The city's population is at least a hundred thousand, and is made up of humans, cactacae, khepri, ab-dead, Remade, scabmettlers and many other races. People considered criminals (or otherwise being of lower classes) in their former home states of Bas-Lag are recast as equals upon joining Armada, and often go on to hold positions of power.
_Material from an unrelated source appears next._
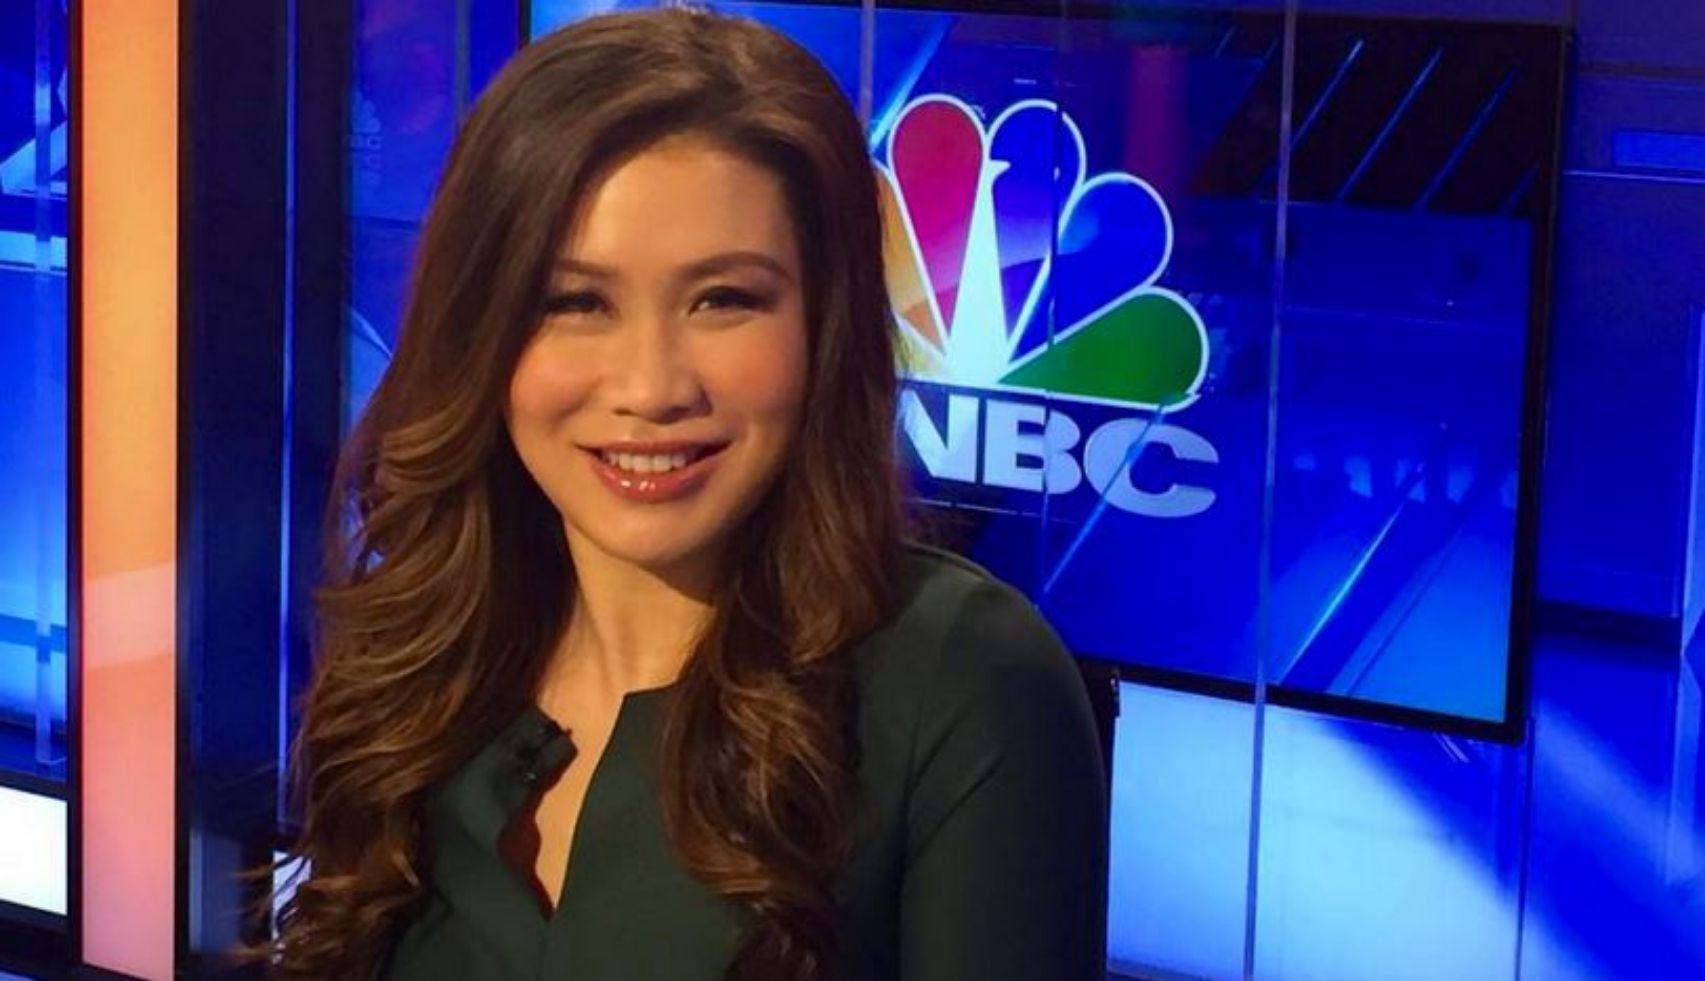 Susan Li's hottest female broadcaster
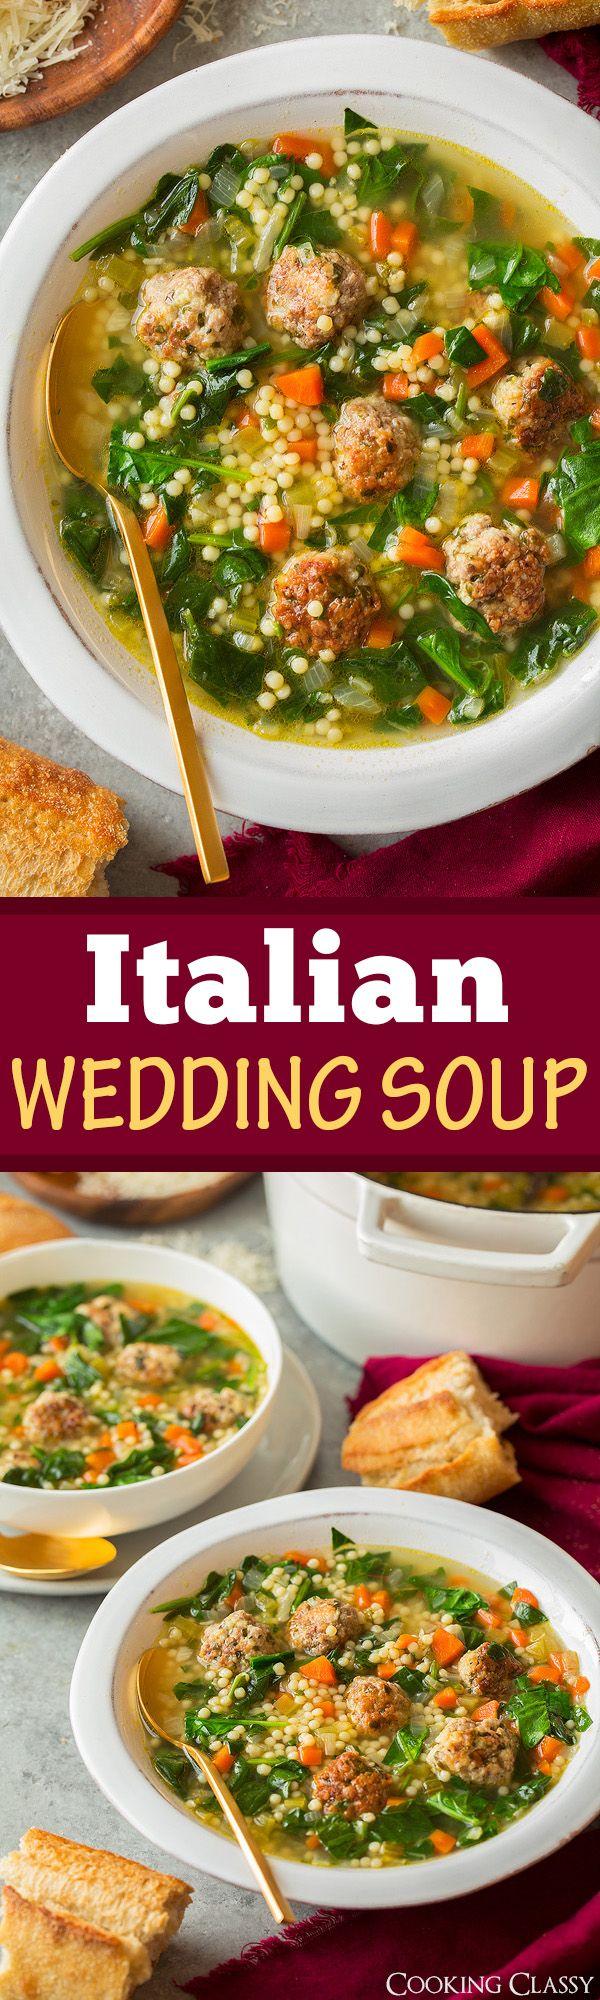 Italian Wedding Soup - Cooking Classy

Armada thrives on piracy, and through this method adds wealth to itself. Piracy of the seas also leads to acquisitions of knowledge in countless languages (all books are stolen for the Grand Gears Library), and the growth of Armada's population, for any ship intercepted by Armada's forces is assimilated into the city and its crew and passengers are press-ganged into citizenship for life. The language of Armada is Salt, a constructed language deliberately made easy to learn, and consisting of vocabulary from the languages of the many races who inhabit the city.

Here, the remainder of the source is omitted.